Read a secret during dynamic rendering by opting in with connection() so the value is evaluated at request time rather than baked in at build:
import { connection } from "next/server"
export default async function Page() {
// connection() opts this render into dynamic rendering,
// so the secret is read at runtime, not inlined at build.
await connection()
const db = await connectToDb({
host: process.env.DB_HOST,
user: process.env.DB_USER,
password: process.env.DB_PASS, // server-only, never shipped
})
const rows = await db.query("select name from products limit 5")
return (
<ul>
{rows.map((r) => (
<li key={r.name}>{r.name}</li>
))}
</ul>
)
}Route handlers run on the server too, so they read secrets the same way. Note that in Next.js 16 a GET handler is uncached by default, which is correct for anything that reads a secret and returns live data. Only add export const dynamic = "force-static" when the response is genuinely static.
export async function GET() {
// Server-only. process.env.DB_PASS is never inlined into client JS.
const db = await connectToDb({
host: process.env.DB_HOST,
user: process.env.DB_USER,
password: process.env.DB_PASS,
})
const products = await db.query("select id, name from products")
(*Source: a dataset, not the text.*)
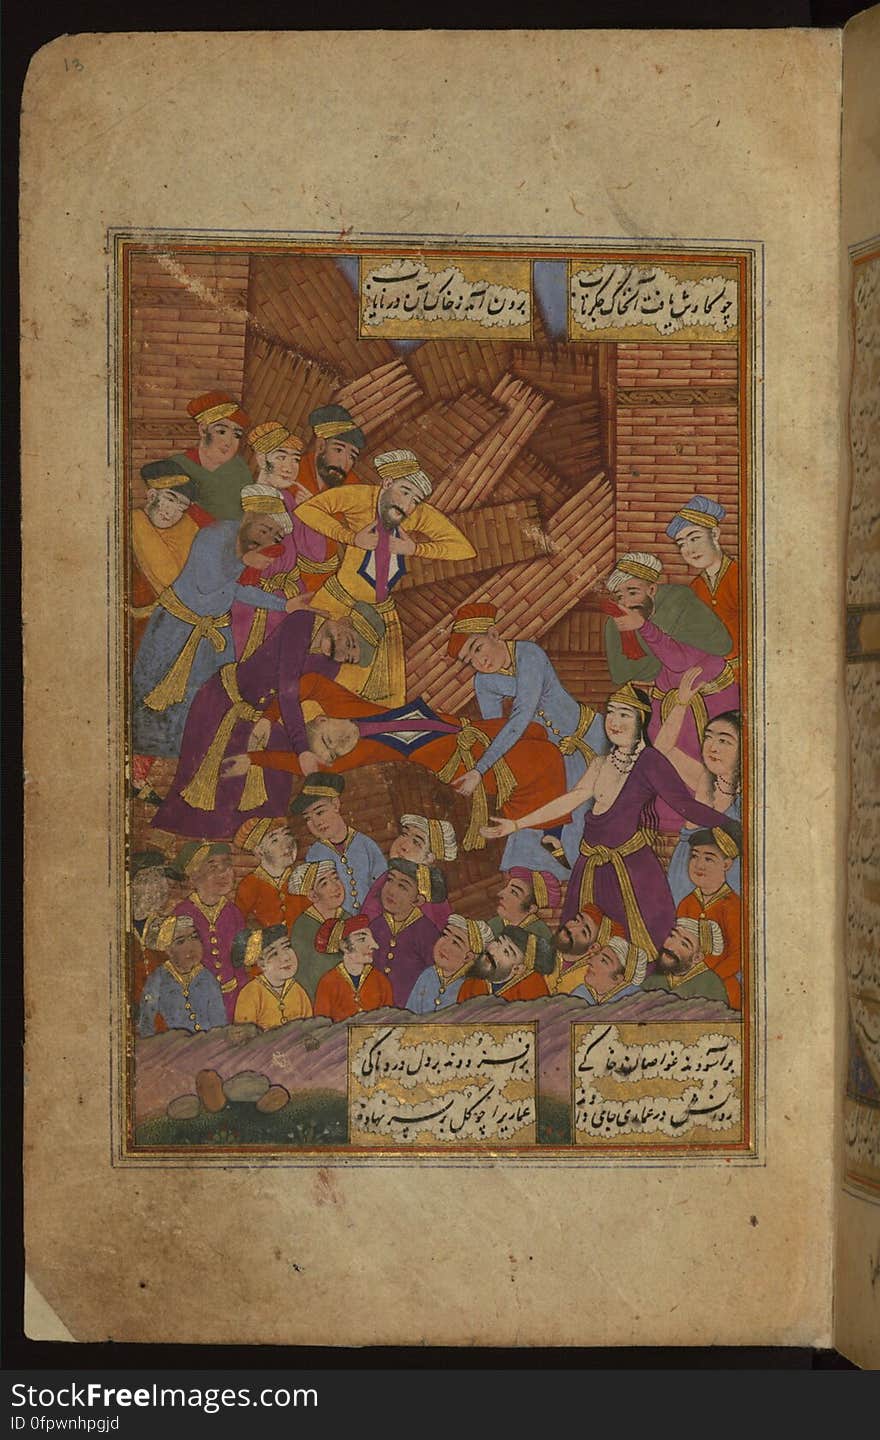 On the morning the young man and woman were to be wed, the bridegroom travels to the home of his beloved. On his way, he stops to rest in a mud building. As a result of heavy rains, the structure falls and buries the bridegroom and his companions alive. An elegantly calligraphed, illuminated and illustrated copy of the poem Sūz va gudāz &#x28;&#x27;Burning and melting&#x27;&#x29; by Nawʿī Khabūshānī &#x28;d.1019 AH /1610 CE&#x29; which recounts the love story of a Hindu girl who decides to burn herself on the pyre of her betrothed killed accidentally just before their marriage. The present codex was penned by Ibn Sayyid Murād al-Ḥusaynī and illustrated by Muḥammad ʿAlī Mashhadī in 1068 AH / 1657 CE. See this manuscript page by page at the Walters Art Museum website: art.thewalters.org/viewwoa.aspx?id=30391. On the morning the young man and woman were to be wed, the bridegroom travels to the home of his beloved. On his way, he stops to rest in a mud building. As a result of heavy rains, the structure falls and buries the bridegroom and his companions alive. An elegantly calligraphed, illuminated and illustrated copy of the poem Sūz va gudāz &#x28;&#x27;Burning and melting&#x27;&#x29; by Nawʿī Khabūshānī &#x28;d.1019 AH /1610 CE&#x29; which recounts the love story of a Hindu girl who decides to burn herself on the pyre of her betrothed killed accidentally just before their marriage. The present codex was penned by Ibn Sayyid Murād al-Ḥusaynī and illustrated by Muḥammad ʿAlī Mashhadī in 1068 AH / 1657 CE. See this manuscript page by page at the Walters Art Museum website: art.thewalters.org/viewwoa.aspx?id=30391

return Response.json({ products })
}Avoid
"use client"
// WRONG: prefixing a secret with NEXT_PUBLIC_ inlines it
// into the browser bundle. Anyone can read it in DevTools.
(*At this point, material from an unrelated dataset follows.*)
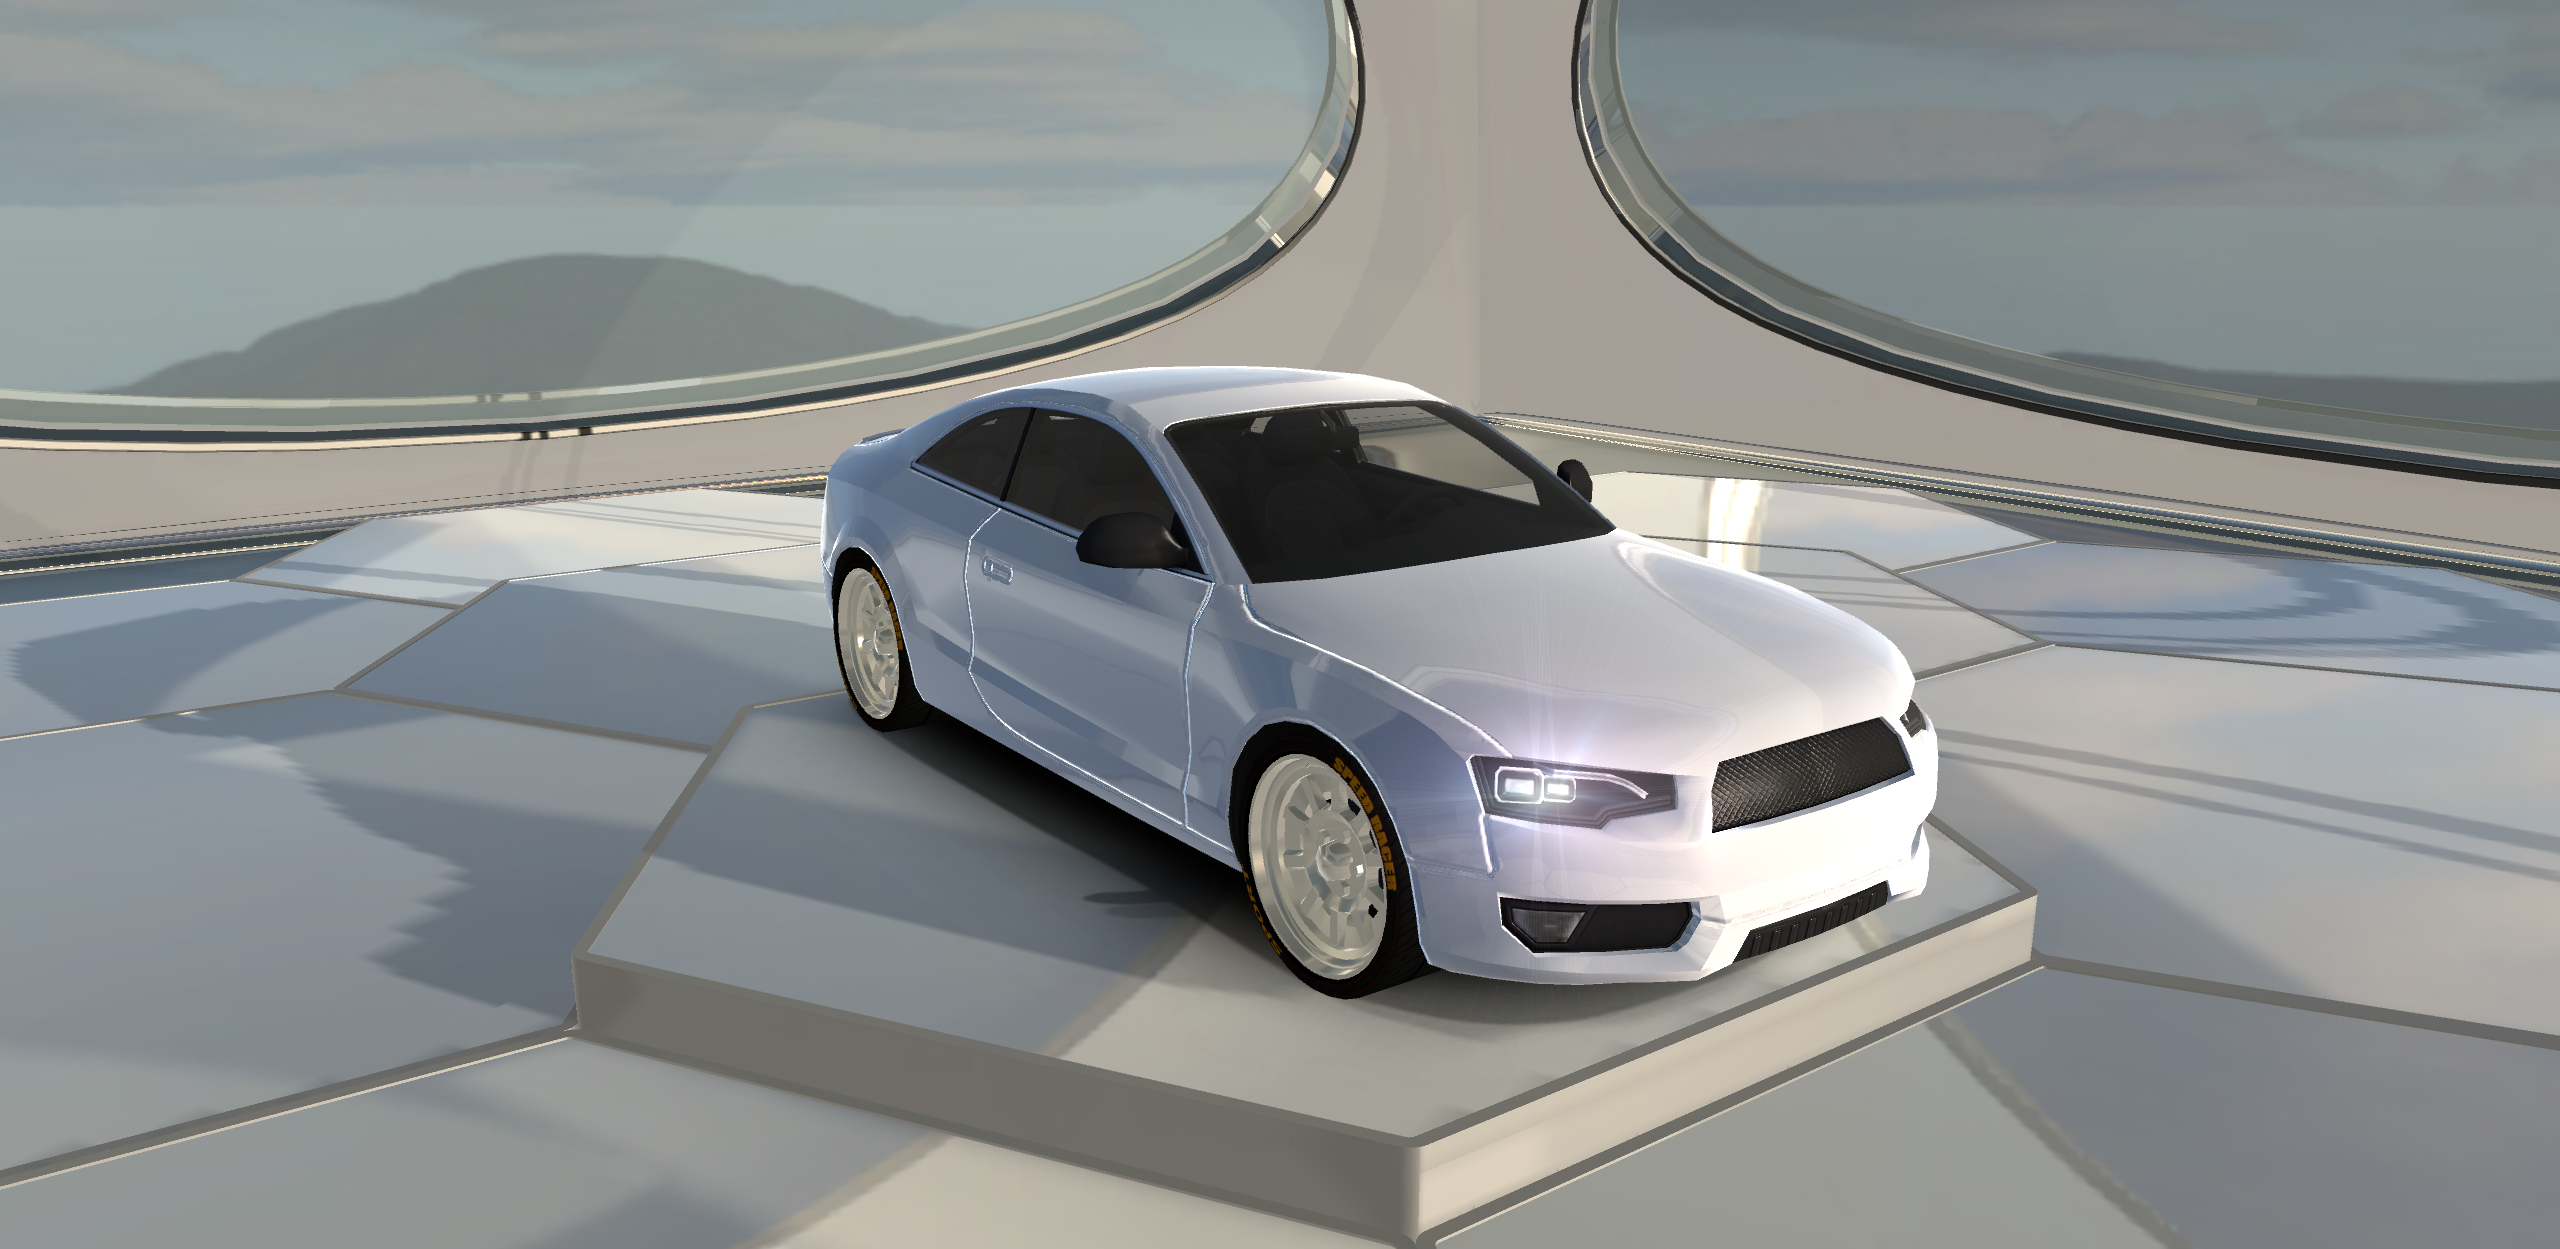 Audi S5 Coupe 2011 Lowpoly Sports Car 3D Model…

const stripe = new Stripe(process.env.NEXT_PUBLIC_STRIPE_SECRET_KEY!)
export function Checkout() {
// The secret key now ships to every visitor.
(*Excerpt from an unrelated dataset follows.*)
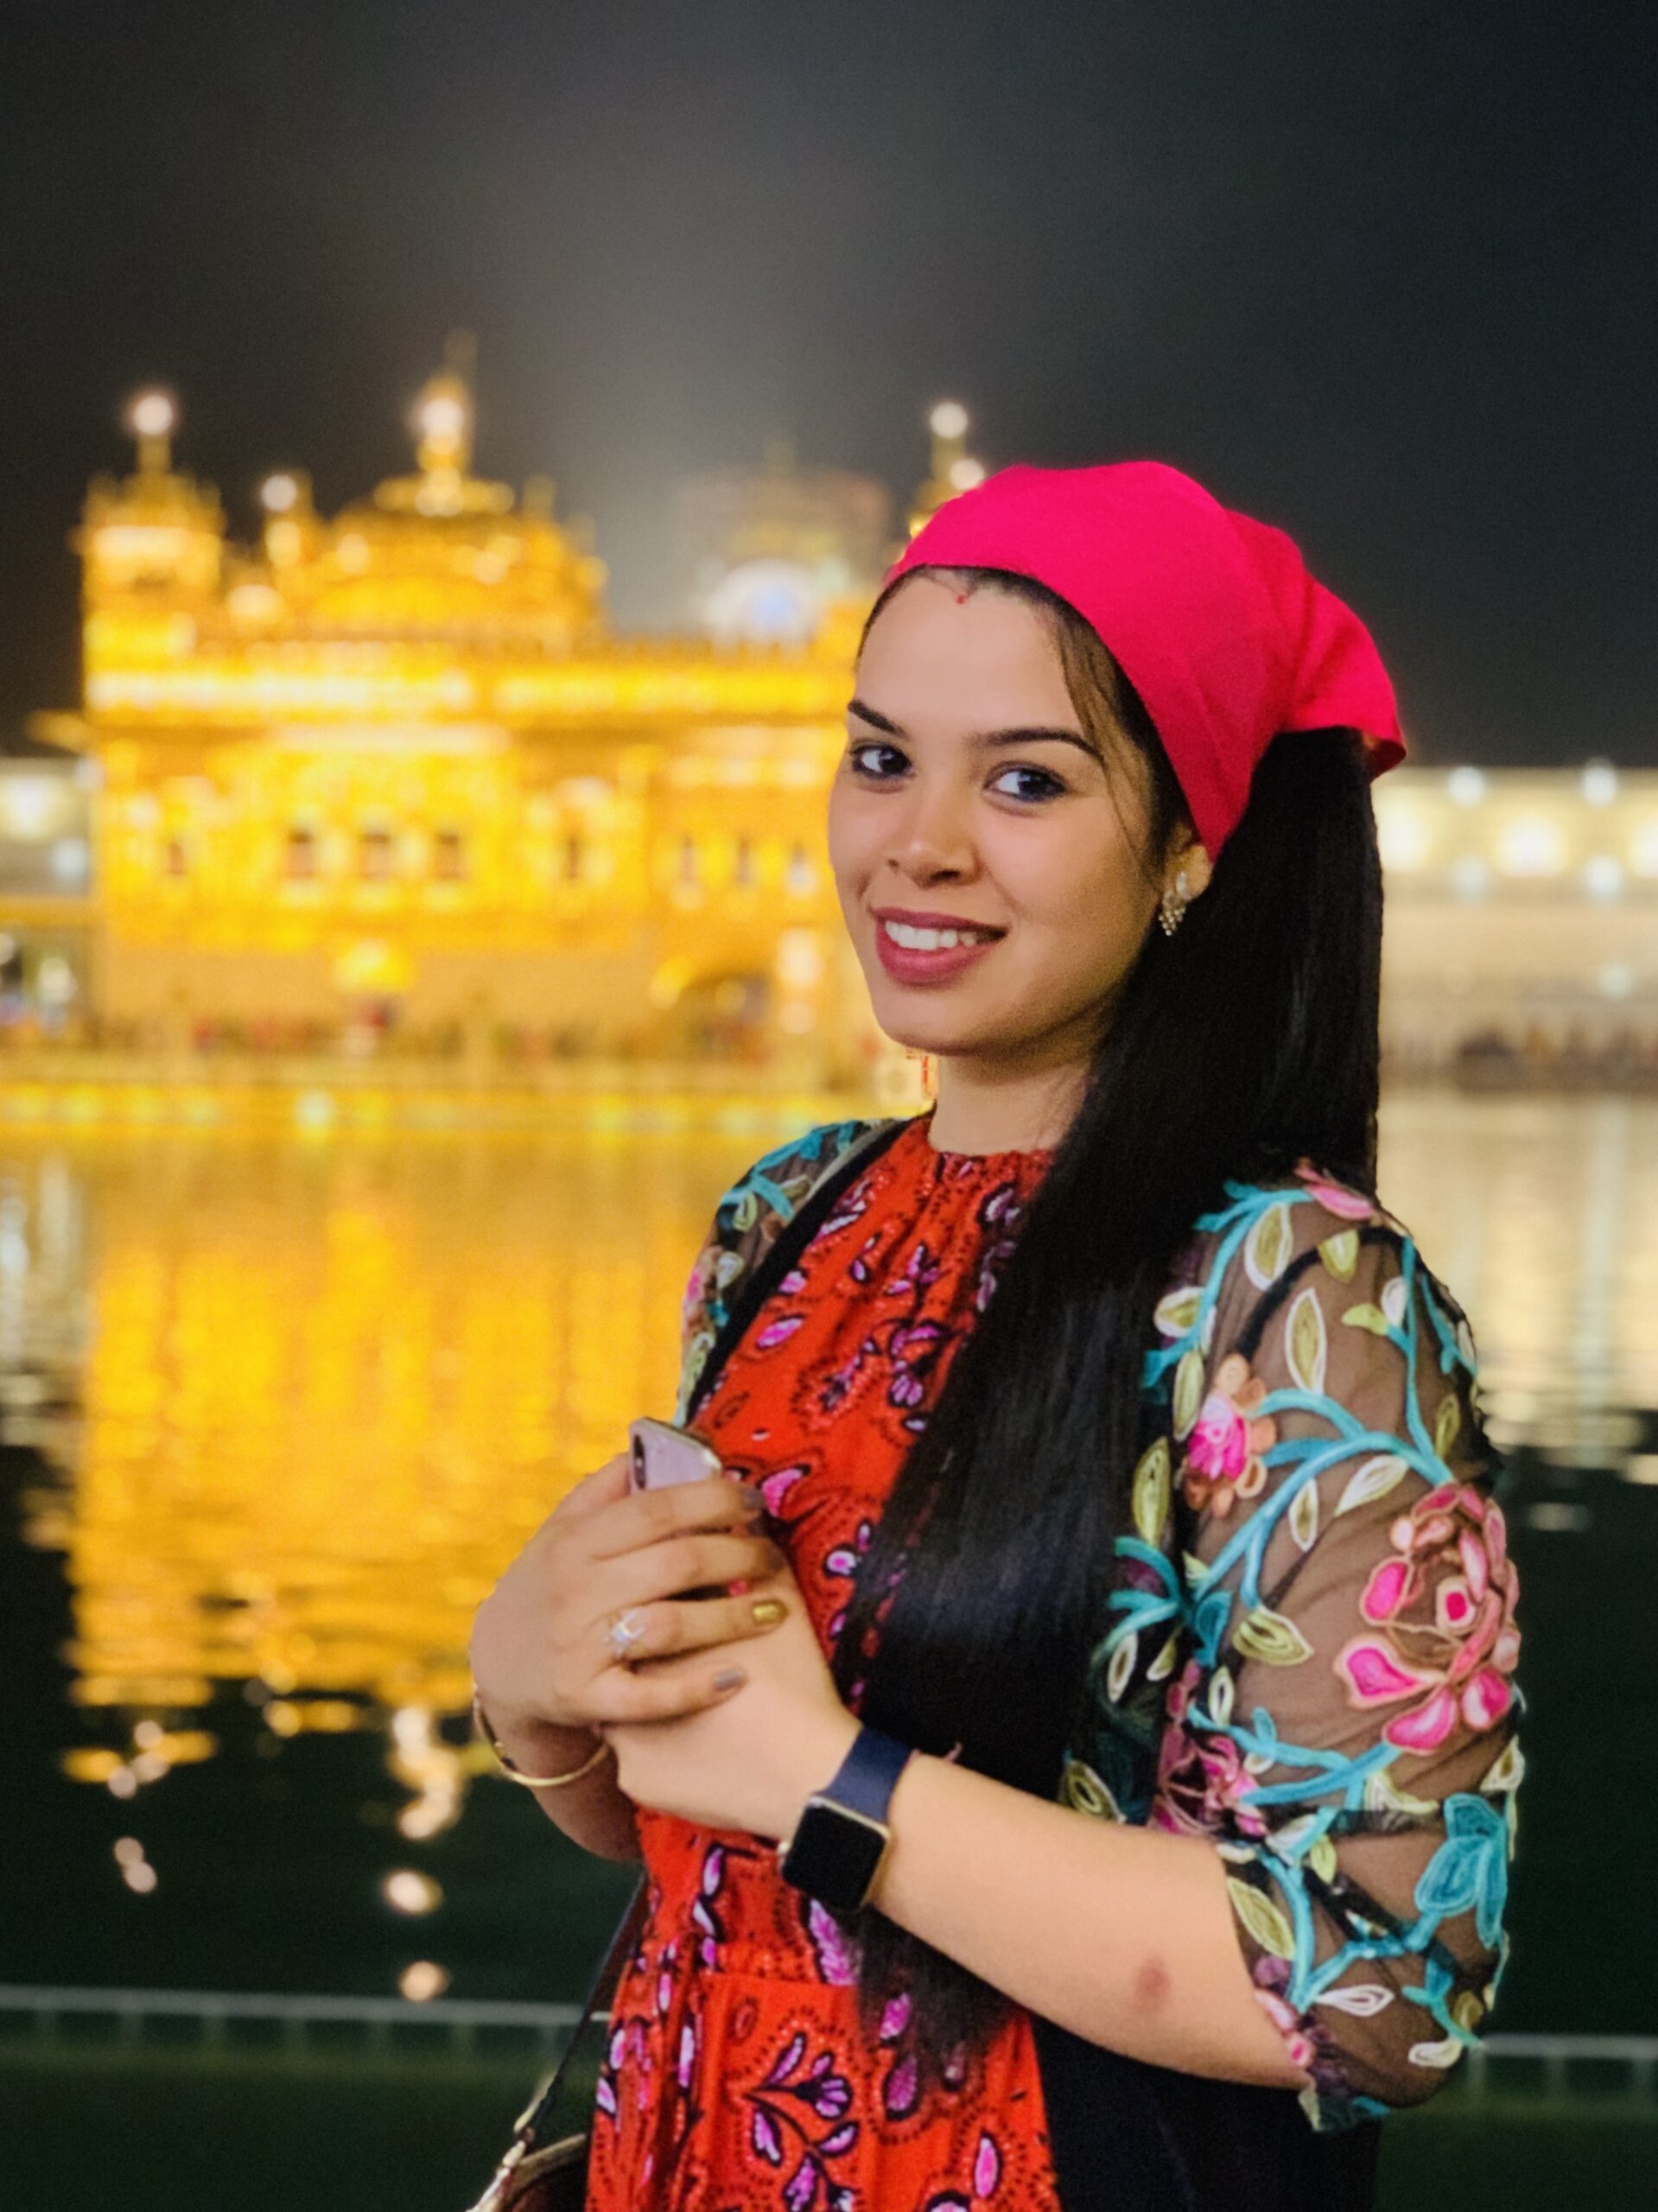 Golden Temple Solo Traveler on private India tour.

return <button onClick={() => stripe.charge()}>Pay</button>
}Prefer
"use server"
import Stripe from "stripe"
// Correct: no NEXT_PUBLIC_ prefix, read inside a server action.
// The key stays in the Node process and never reaches the browser.
const stripe = new Stripe(process.env.STRIPE_SECRET_KEY!)
export async function charge(amount: number) {
const intent = await stripe.paymentIntents.create({
amount,
currency: "usd",
})
return { clientSecret: intent.client_secret }
}The client calls the server action and receives only the clientSecret it needs, never the API key itself.
Ignore .env.local in git and commit .env.example
A secret in your git history is a secret you have leaked, even after you delete the file in a later commit. The fix is to never let real values reach the repository.
create-next-app already adds .env* files to .gitignore. Confirm yours does, and make the intent explicit:
# local env files with real secrets, never commit
.env*.localThen commit a template that documents the required keys with empty or fake values. This is the file teammates copy to get started:
# Copy to .env.local and fill in real values. Do not commit .env.local.
DB_HOST=localhost
DB_USER=
DB_PASS=
NEXT_PUBLIC_ANALYTICS_ID=
STRIPE_SECRET_KEY=Setup for a new contributor is then one command:
cp .env.example .env.local.env.local or any file containing a real credential. Commit .env.example with the keys and blank values instead.Verify it before you ship
A leaked secret is easy to confirm. Run a production build and search the client bundle for a value you know should be server-only:
next build
grep -r "STRIPE_SECRET_KEY" .next/static && echo "LEAK" || echo "clean"If a secret string appears under .next/static, it shipped to the browser. That almost always means it got a NEXT_PUBLIC_ prefix it should not have, or it was read inside a "use client" component. Move the read to the server and rebuild.